● **Task goal**
Where a line contains "Themasnoep - Spiraal", begin there and restate word for word every line to the end of the entries below, pictures excluded.

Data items
'''
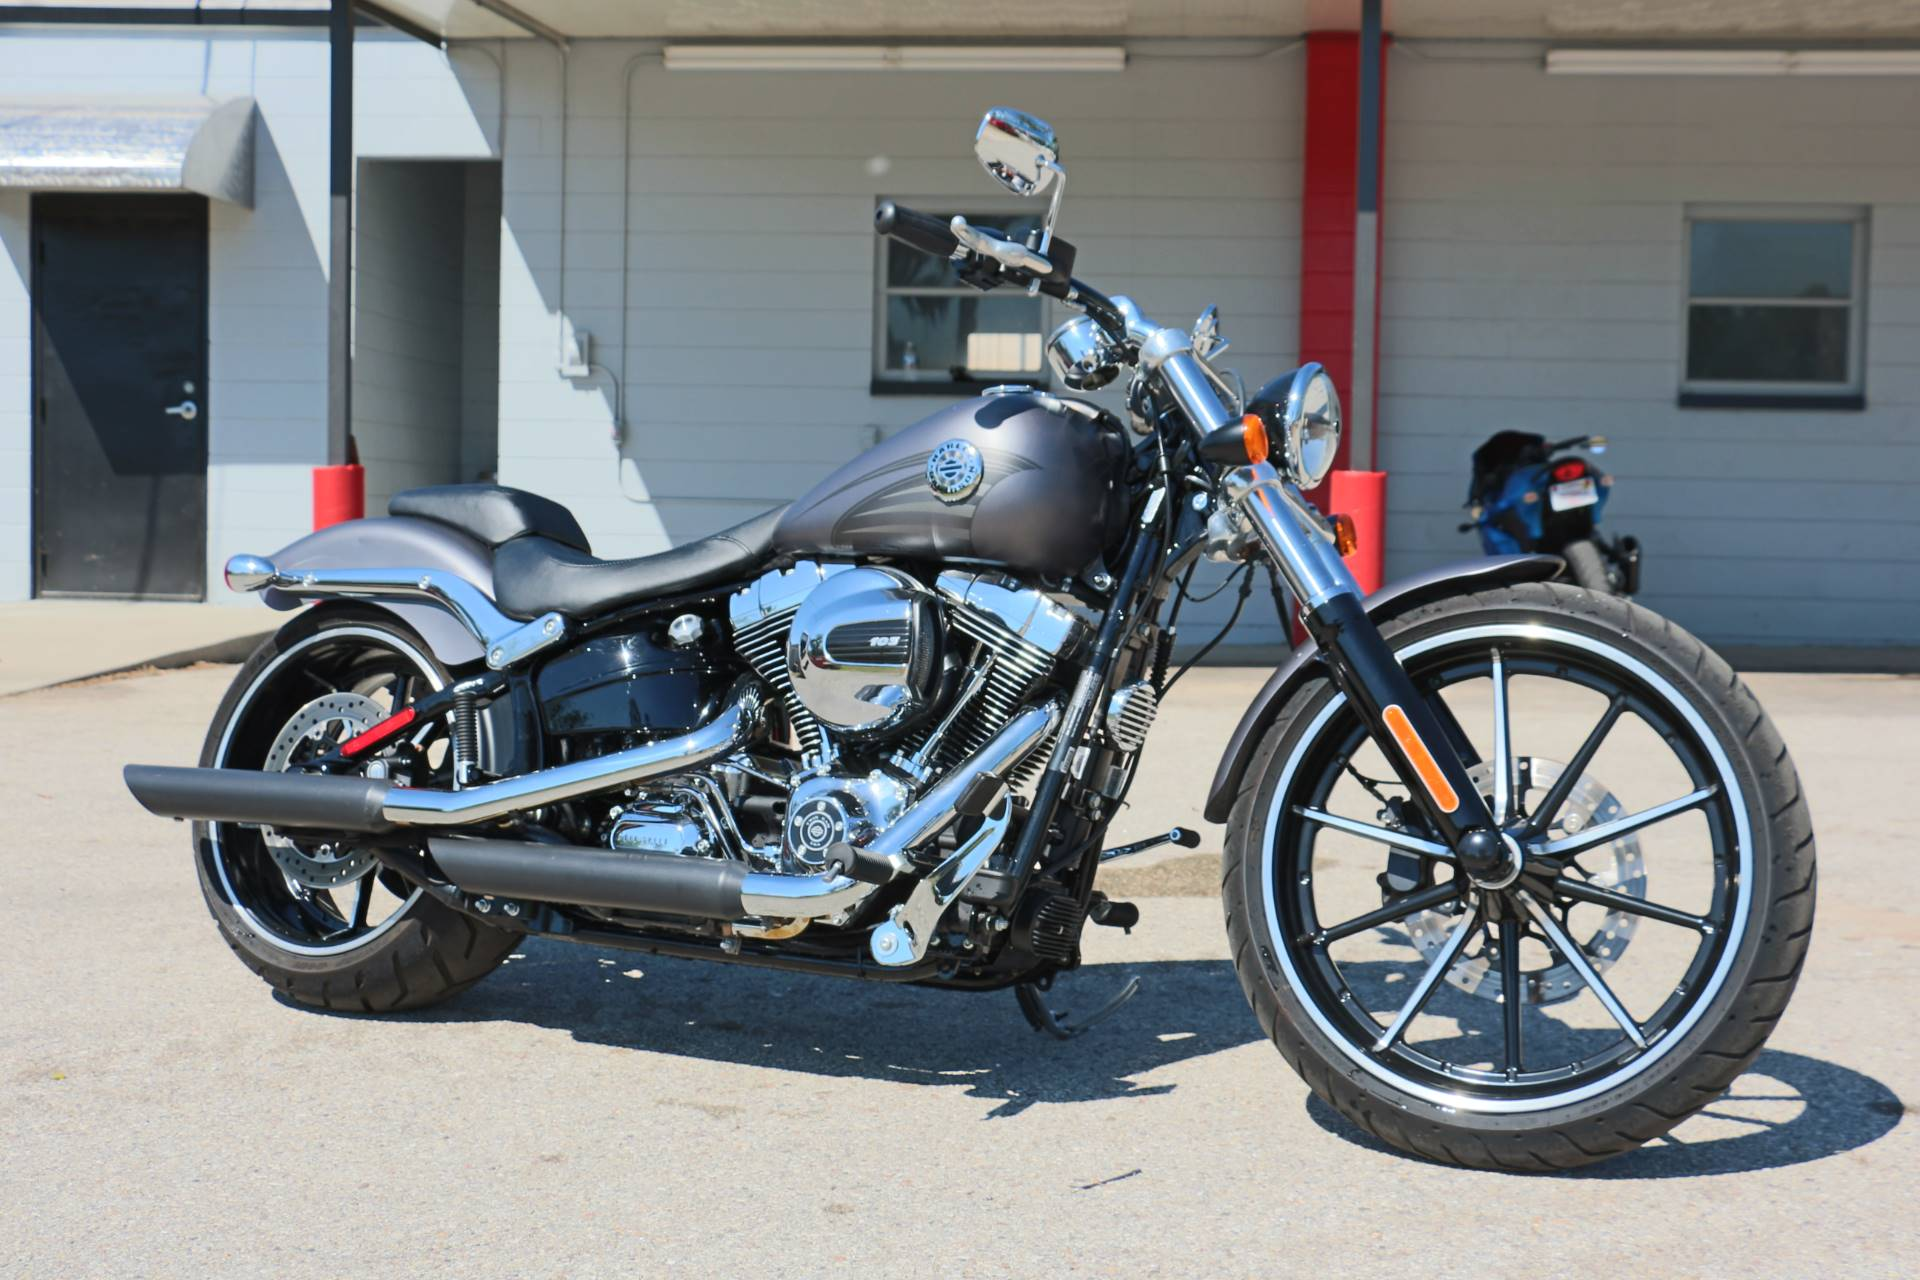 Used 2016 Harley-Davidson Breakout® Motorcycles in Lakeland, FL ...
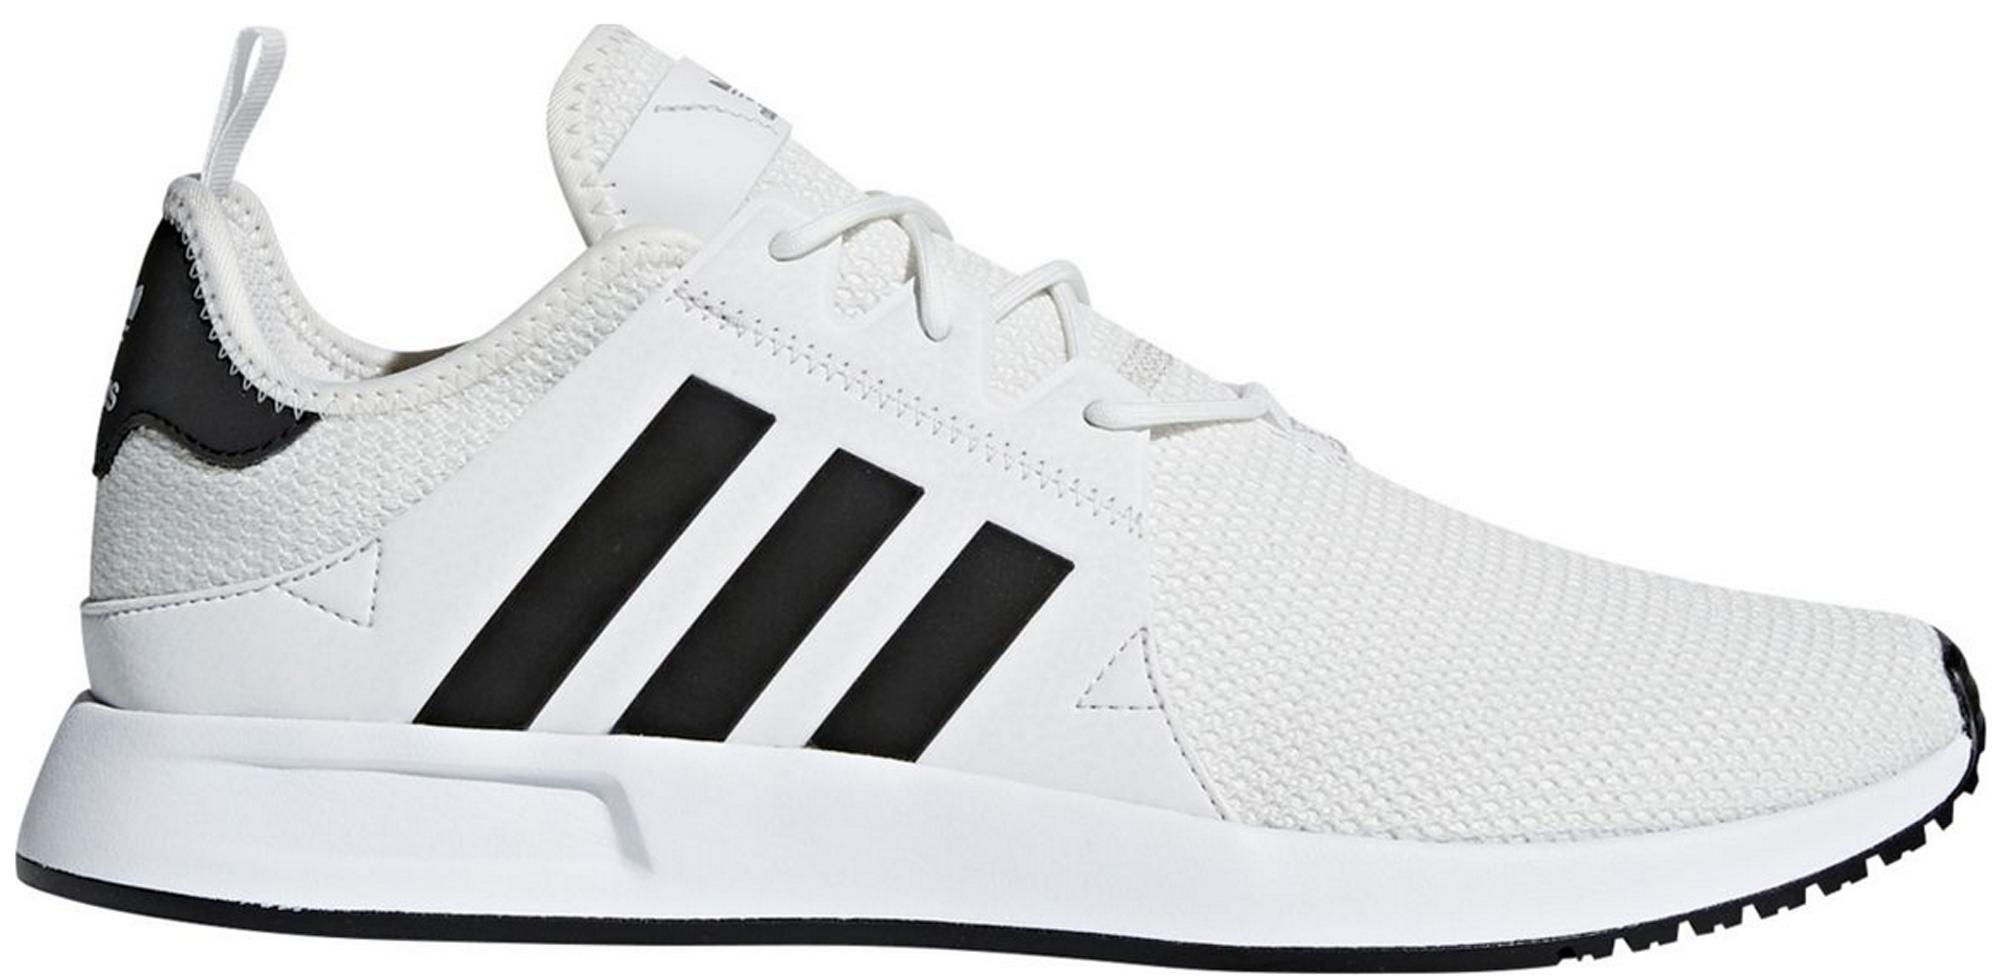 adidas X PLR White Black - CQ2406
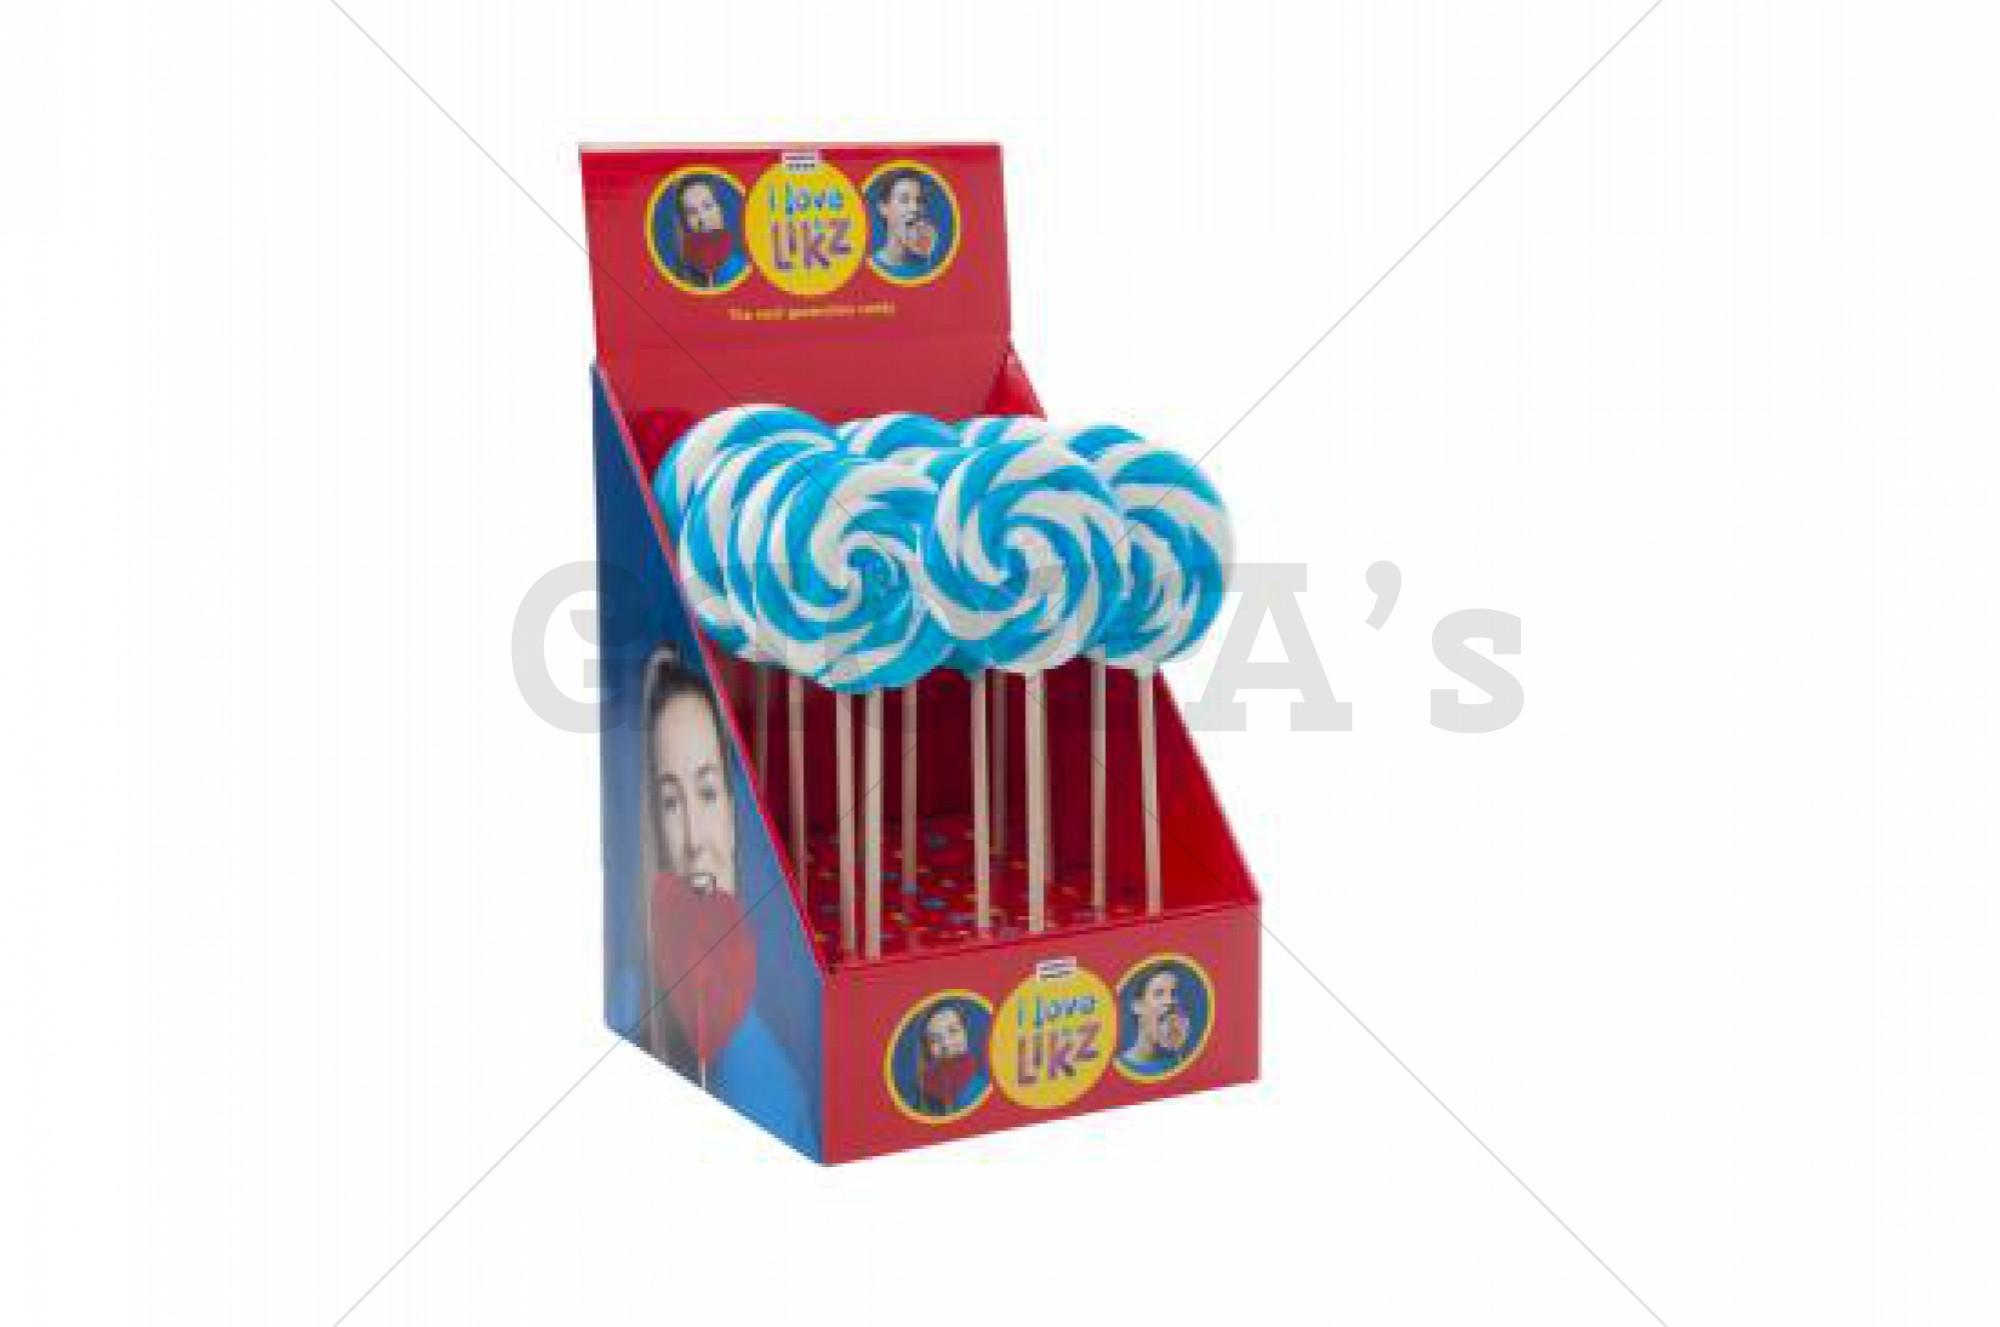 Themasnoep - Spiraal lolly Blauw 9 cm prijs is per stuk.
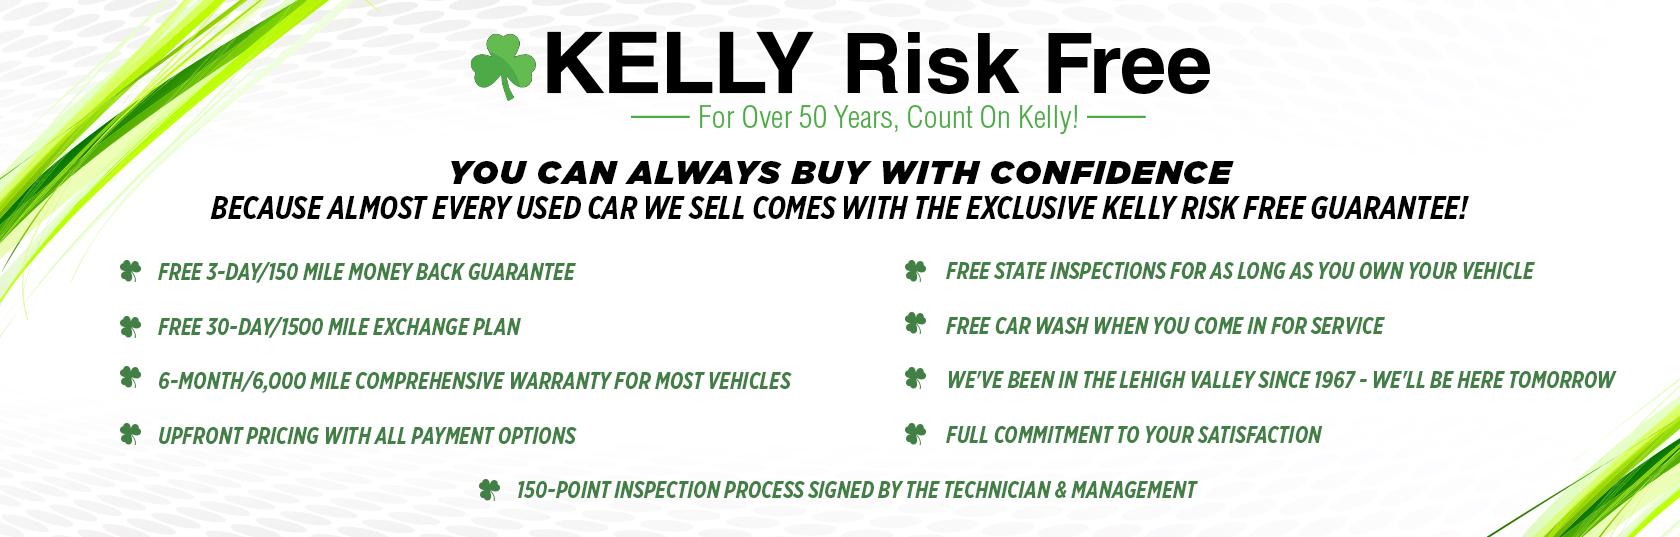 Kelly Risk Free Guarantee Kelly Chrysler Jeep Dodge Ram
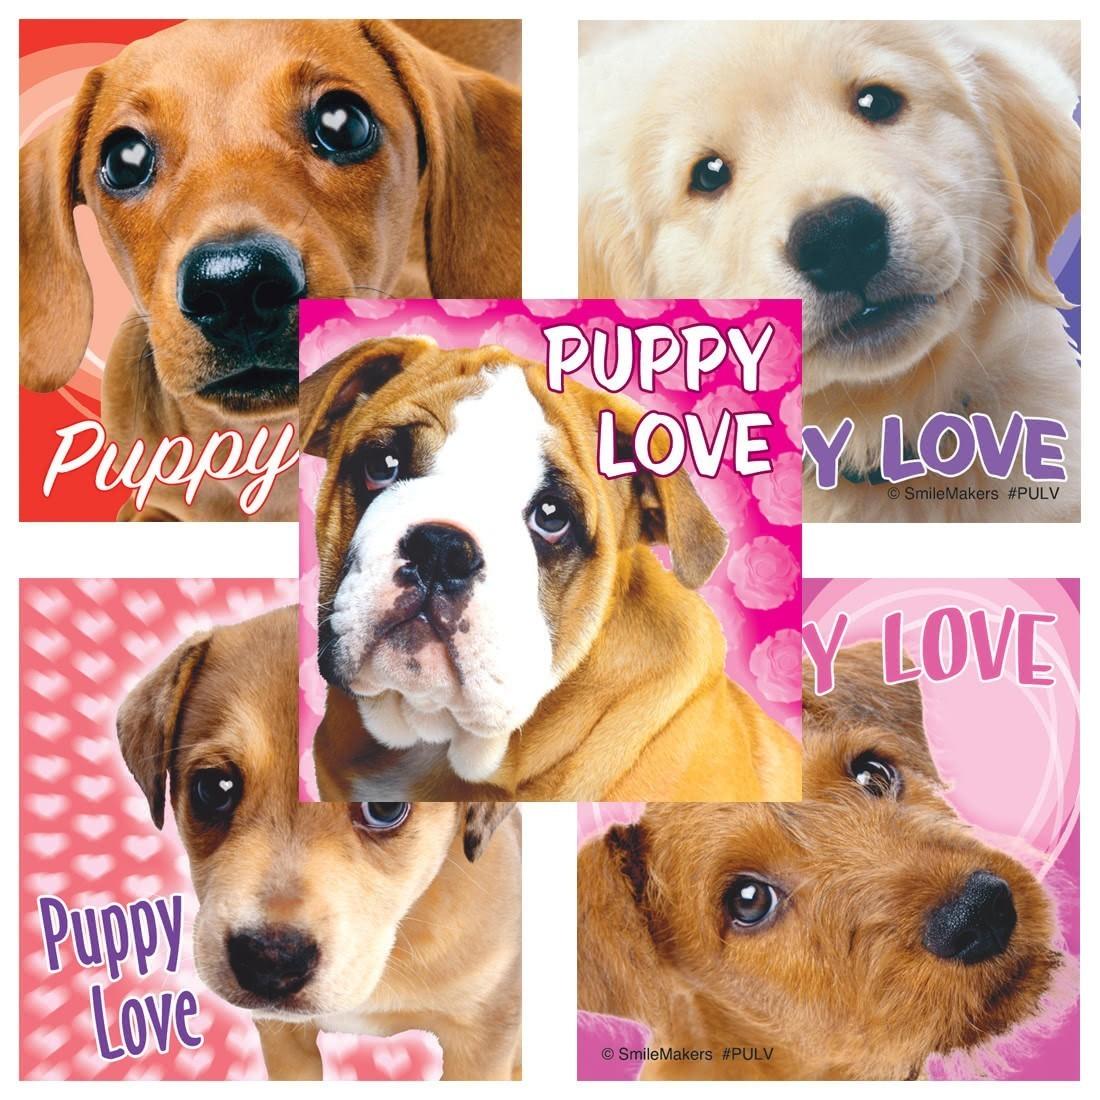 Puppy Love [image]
'''
● **Answer**
 Themasnoep - Spiraal lolly Blauw 9 cm prijs is per stuk.
 Kelly Risk Free Guarantee Kelly Chrysler Jeep Dodge Ram
 Puppy Love [image]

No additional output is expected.